The beach at Sitges was a scene
We found a restaurant with outdoor seating by the beach and shared some seafood paella
View of the town from the other side of the beach
Irena by the beach – she had just arrived from Sydney the day before, and her luggage had gotten lost in Dubai, but she was handling it like a champ

Next, we found a beach club, where we introduced Lee and Asa to Aperol spritzes (I opted for my preferred spritz with Campari). We were all shocked when Asa told us that she had a 15 year daughter at home. She was on her first solo trip and even had a date planned later (via Tinder). I was quite proud of her. Finally, after downing our spritzes, we decided to walk around town for a bit before getting on the train back to the city.

We walked by the Palau Marycel, but did not go inside

At the end of the afternoon, we exchanged contact information, and Lee created a WhatsApp group for us to stay connected during our trip. Irena and I had discussed getting together the following evening for a sunset sail, so I hoped to at least see her again.

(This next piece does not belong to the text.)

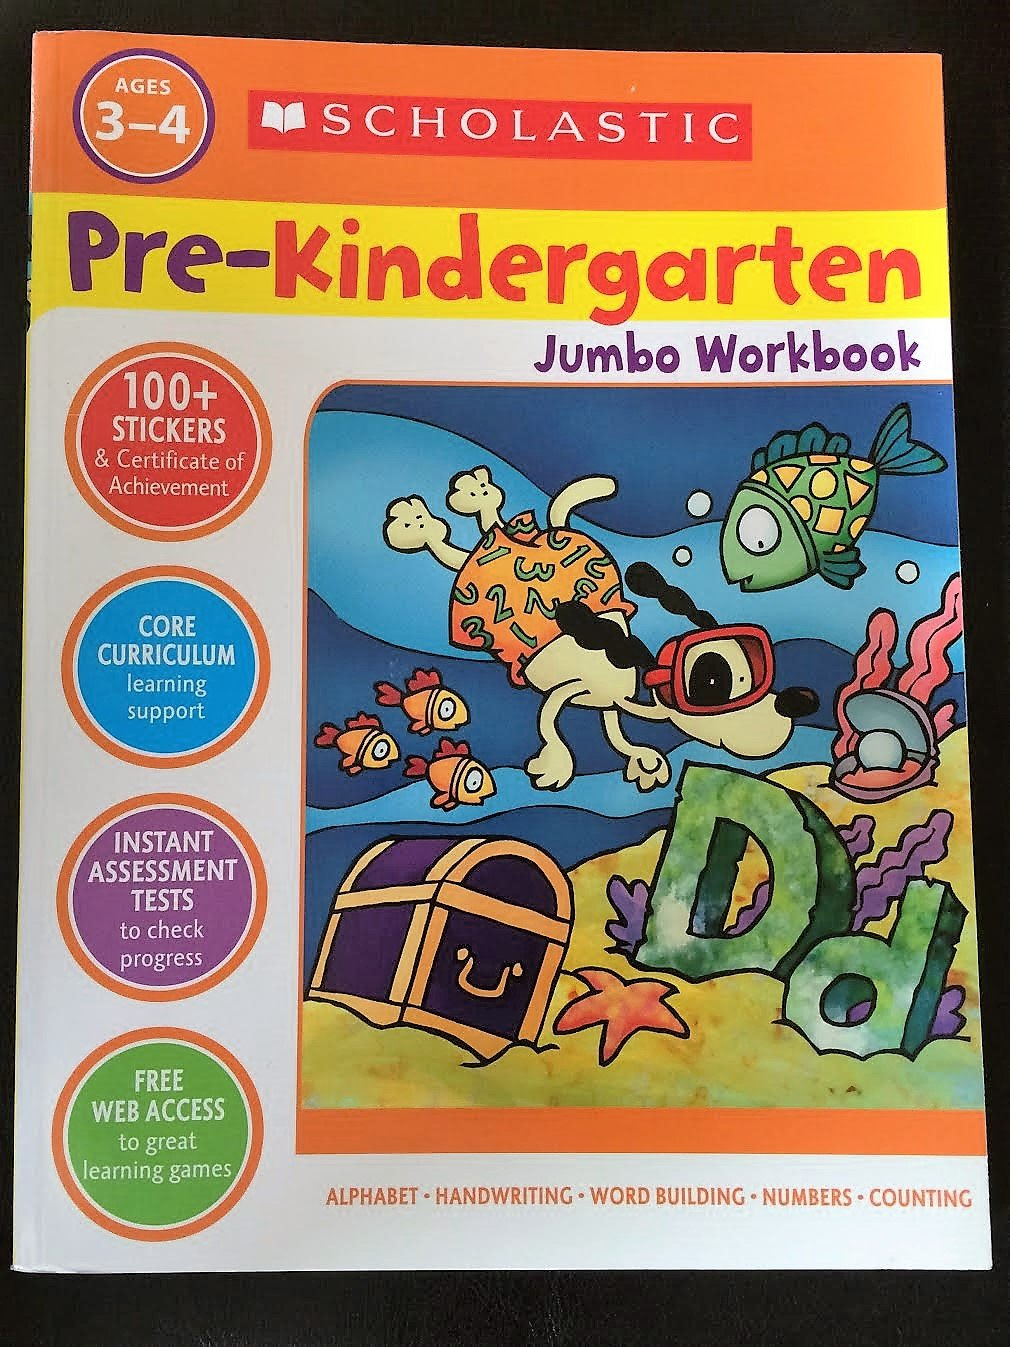 Workbooks pre k workbooks : Scholastic Pre-Kindergarten Jumbo Workbook: 9780545648899: Amazon ...

Back in Barcelona, I walked by Casa Battlo and had to snap a picture. I didn’t go inside since I had done the tour less than a year prior, but would absolutely recommend it.

Visiting Park Güell

I had booked tickets to tour Park Güell at 10:30am the following morning. On my last visit I had learned the hard way that tickets are required to enter certain sections of the park – and they sell out. I was not going to make the same mistake this time.

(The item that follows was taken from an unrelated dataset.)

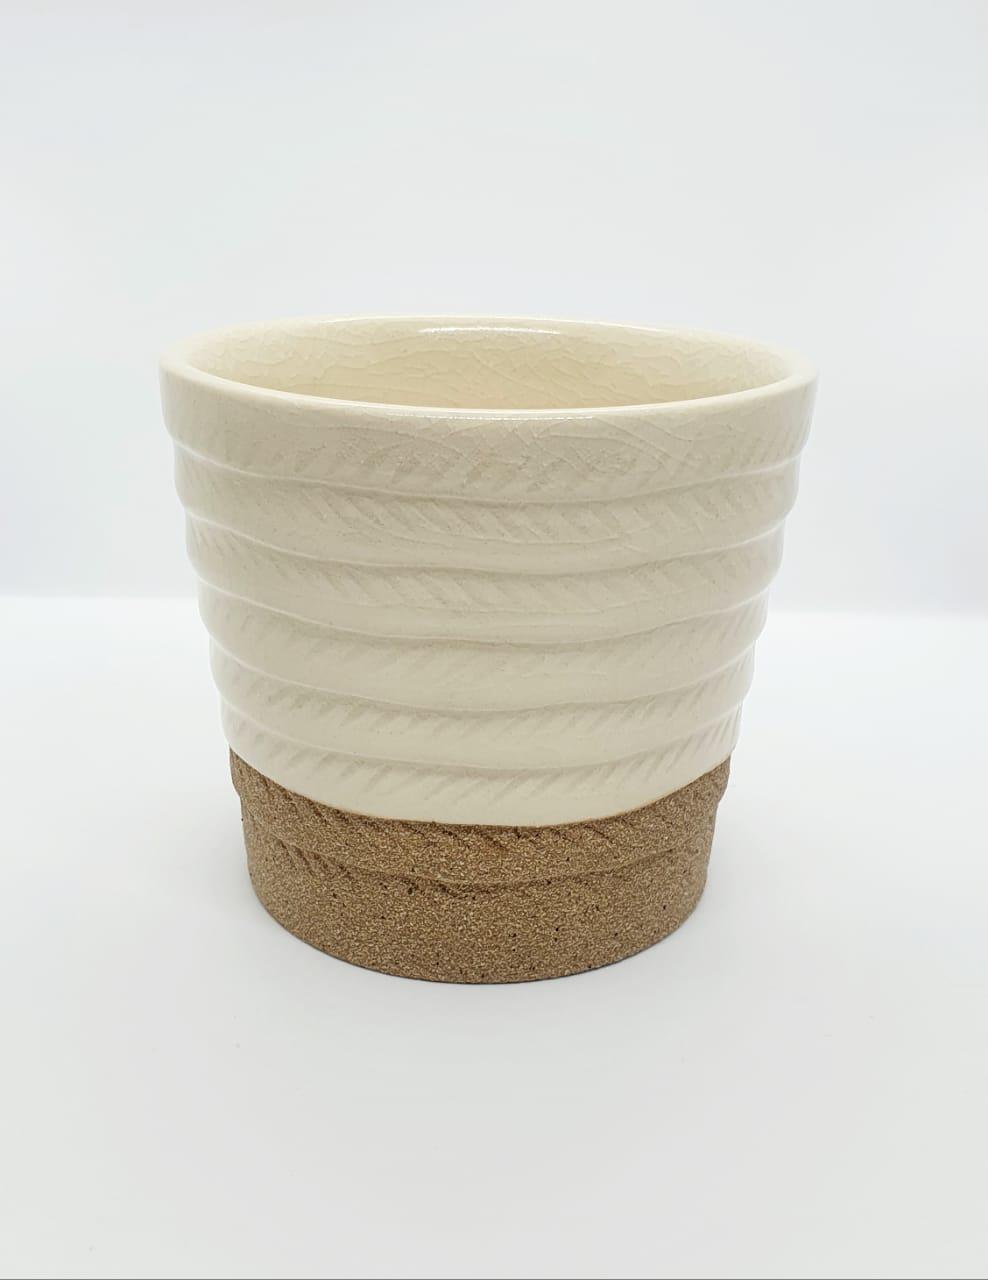 Vaso decorativo de cerâmica degraus areia bege

The distinctive view of Park Güell and the Barcelona skyline (you can even make out Sagrada Familia in the middle-left of the photo)

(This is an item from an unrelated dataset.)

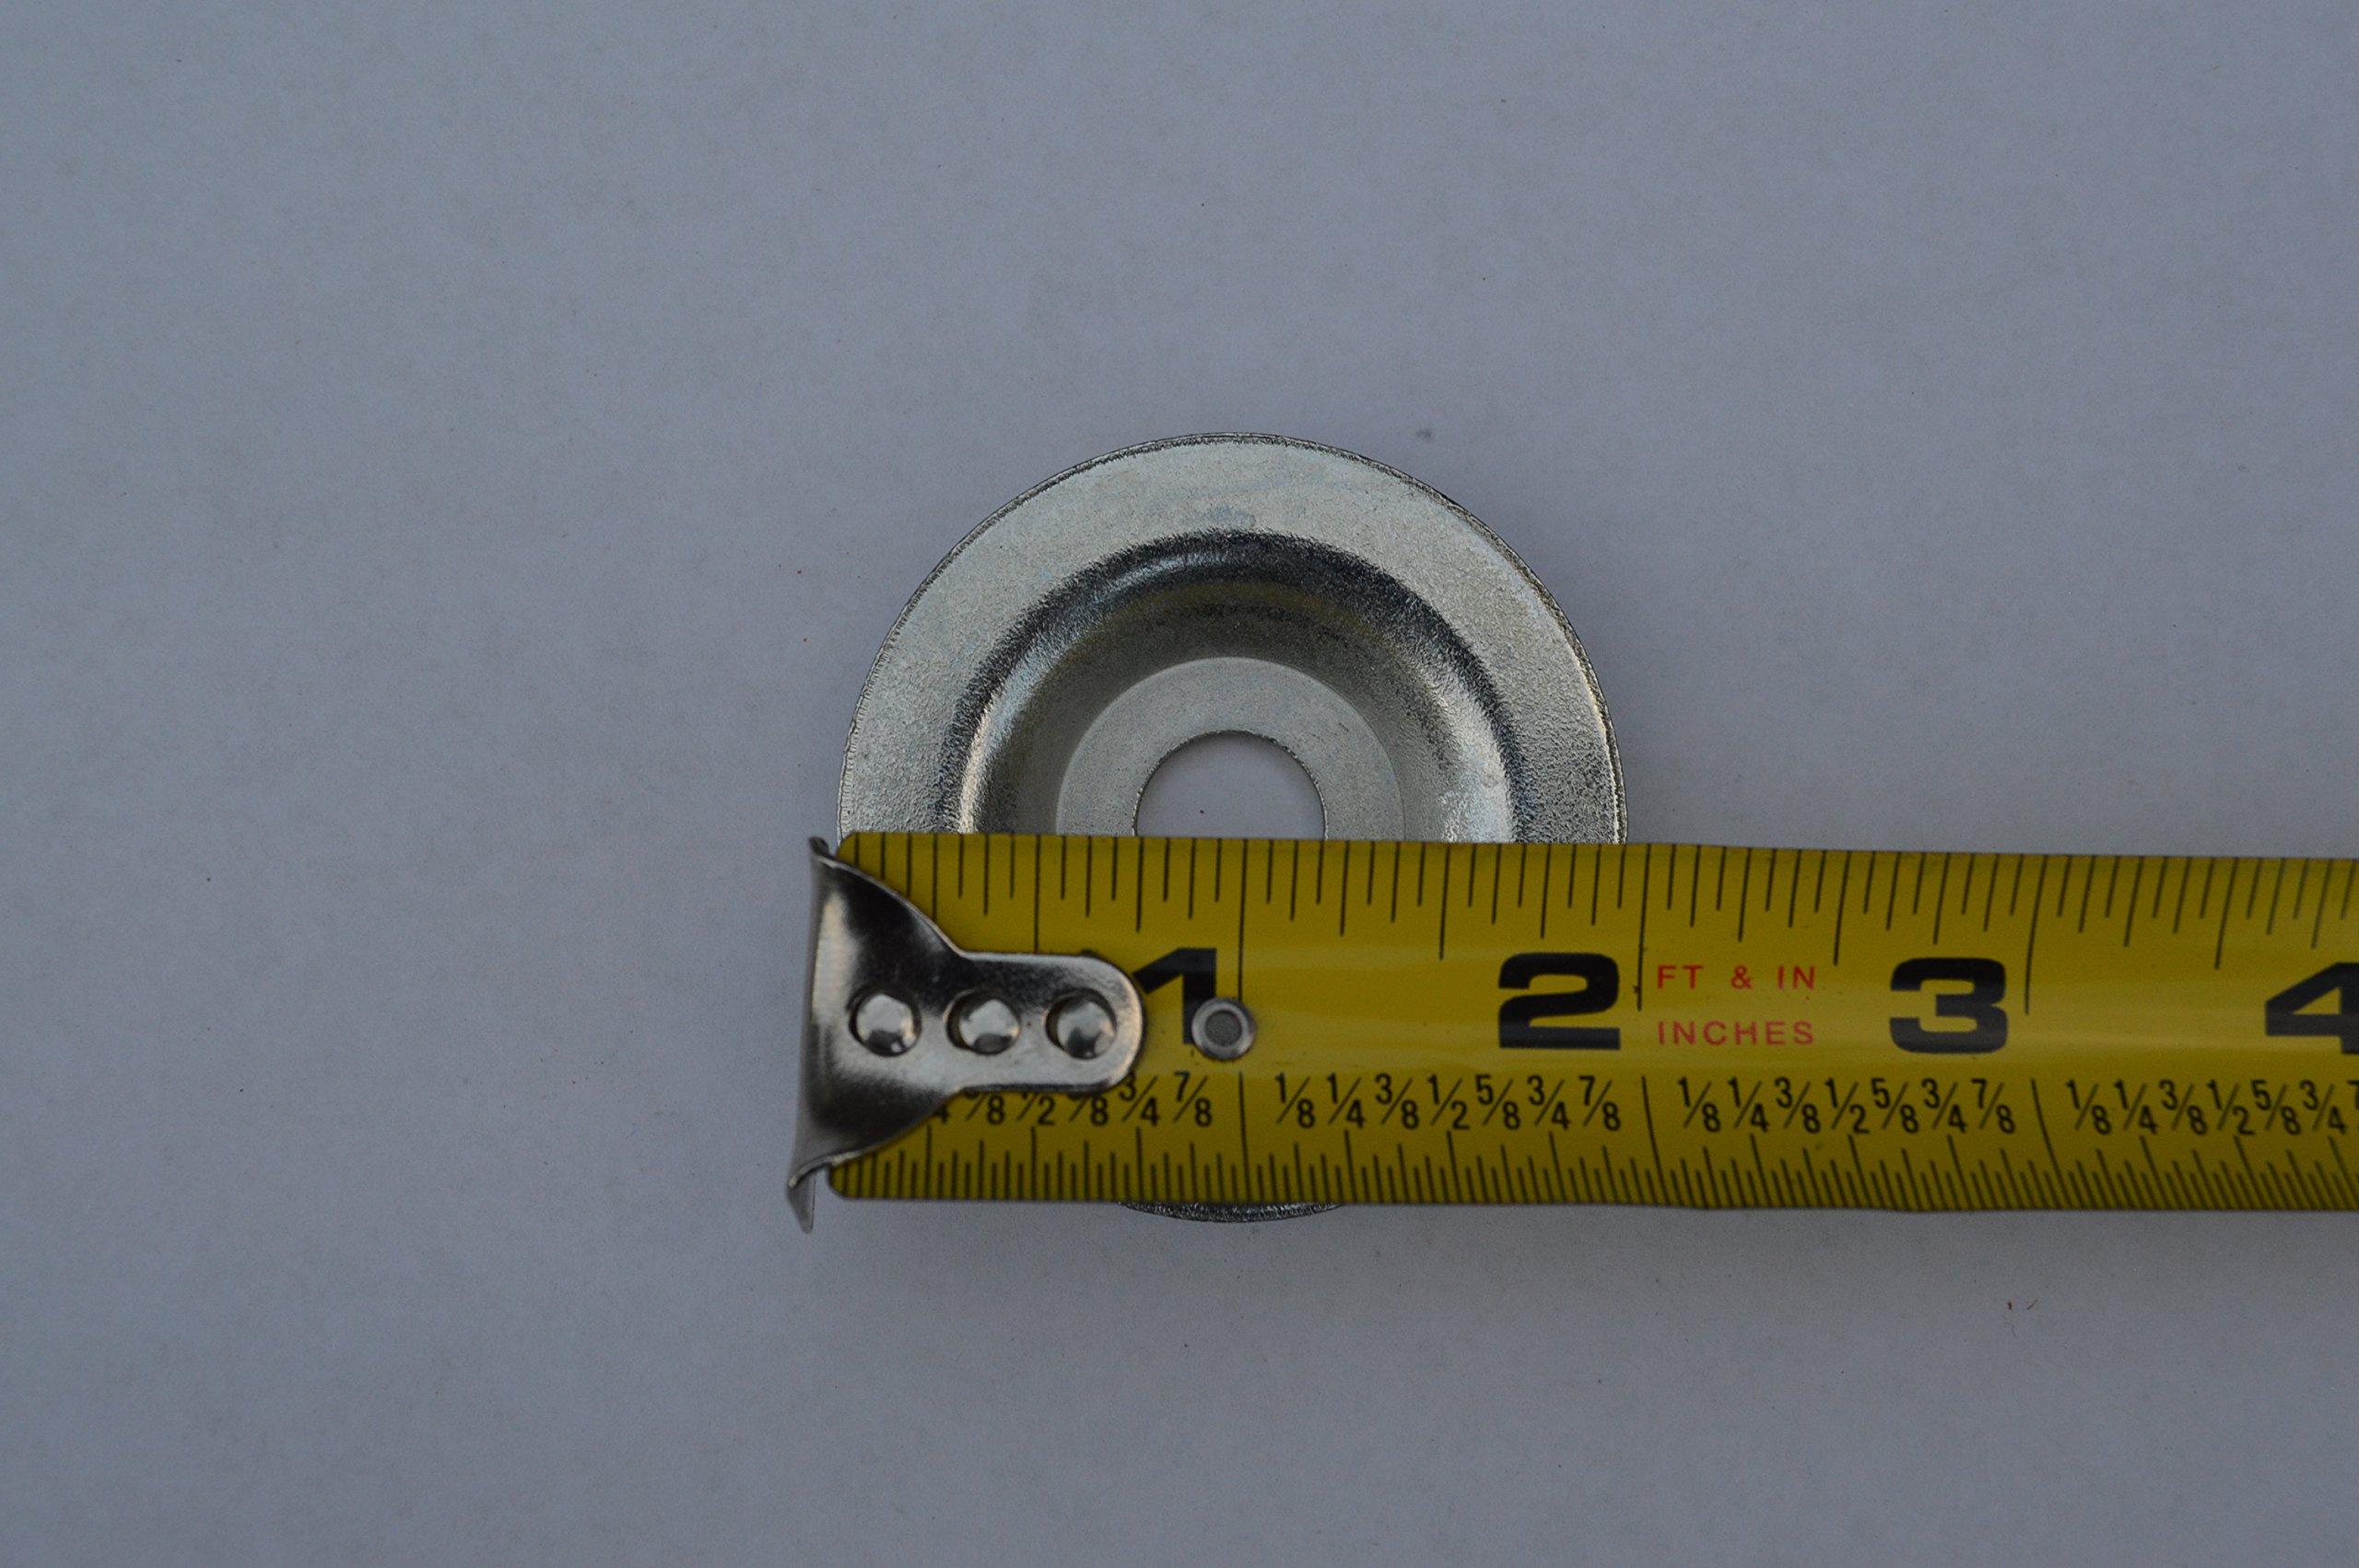 4, 2''bench Grinder Arbor Washer/flange/collar,1/2''arbor Grinding/wire Wheel by Gitachi (Image #3)

I love Park Guell – Gaudí’s whimsical architectural style is on full display, the views of the city are incredible, and it’s fun to wander around the gardens. It was nice to be able to see Gaudí’s designs up close, but I was somewhat disappointing that I didn’t get to see that much more with a ticket.

Looking up at one of the buildings in Park Güell
Another skyline view. Here, you can see the sail-shaped W Hotel in the background.
Looking down on the park from one of many viewpoints in the garden
Last one, from farther up the hill. I was thankful for the cloud cover that kept it from getting too hot in the sun as I trekked the hills of the garden

Sunset Sail

For my last night in Barcelona, I had booked a sunset sail through Airbnb Experiences. However, after wandering around Park Güell and the city streets for a few hours, I received a last minute message that the conditions at sea were unsafe, and the host was cancelling the tour. What the eff. Irena had booked the same experience, so we were now both going to miss out on our sailboat ride.

Unwilling to accept the change in plans, I immediately began to reach out directly to other highly-rated hosts on Airbnb to see if they would take us out. This wasn’t the first time someone tried to bail on a boating excursion because of rough seas, and I had learned to not listen unless the conditions really did look dangerous. I had a strong stomach and could handle a few waves.

Sure enough, several hosts responded, saying that they would still go out that evening. I booked the experience with the first one that got back to me, and had Irena do the same. We were back on!

Does that sea look rough to you? It was totally chill.

While relaxing on the not-rocky boat, Irena and I popped some cava and chatted. For someone in her mid-twenties, I was impressed with how well-traveled and independent she was. She had family in Croatia, so she was heading there next, and was also going to Portugal to meet a friend in Lisbon. This friend of hers lived in New York, and she had visited him recently, eating at restaurants such as Eleven Madison Park and Carbone. Sounded like we had some things in common. I told Irena I was going to be in Sydney in January, and we discussed getting together again then.

The sunset wasn’t the greatest because of the clouds, but I didn’t mind
There’s the W Hotel again

And that was the end of my second trip to Barcelona. It was nice to return, since I didn’t feel the need to cram a ton of sightseeing into a few days. That being said, there is still a lot more that I’d like to do in the city (eating at Tickets being at the very top of that list), so I’ll definitely be back. For now, I’d be leaving Catalonia and heading to Basque Country for return visit to another one of my favorite cities in Spain: San Sebastiàn.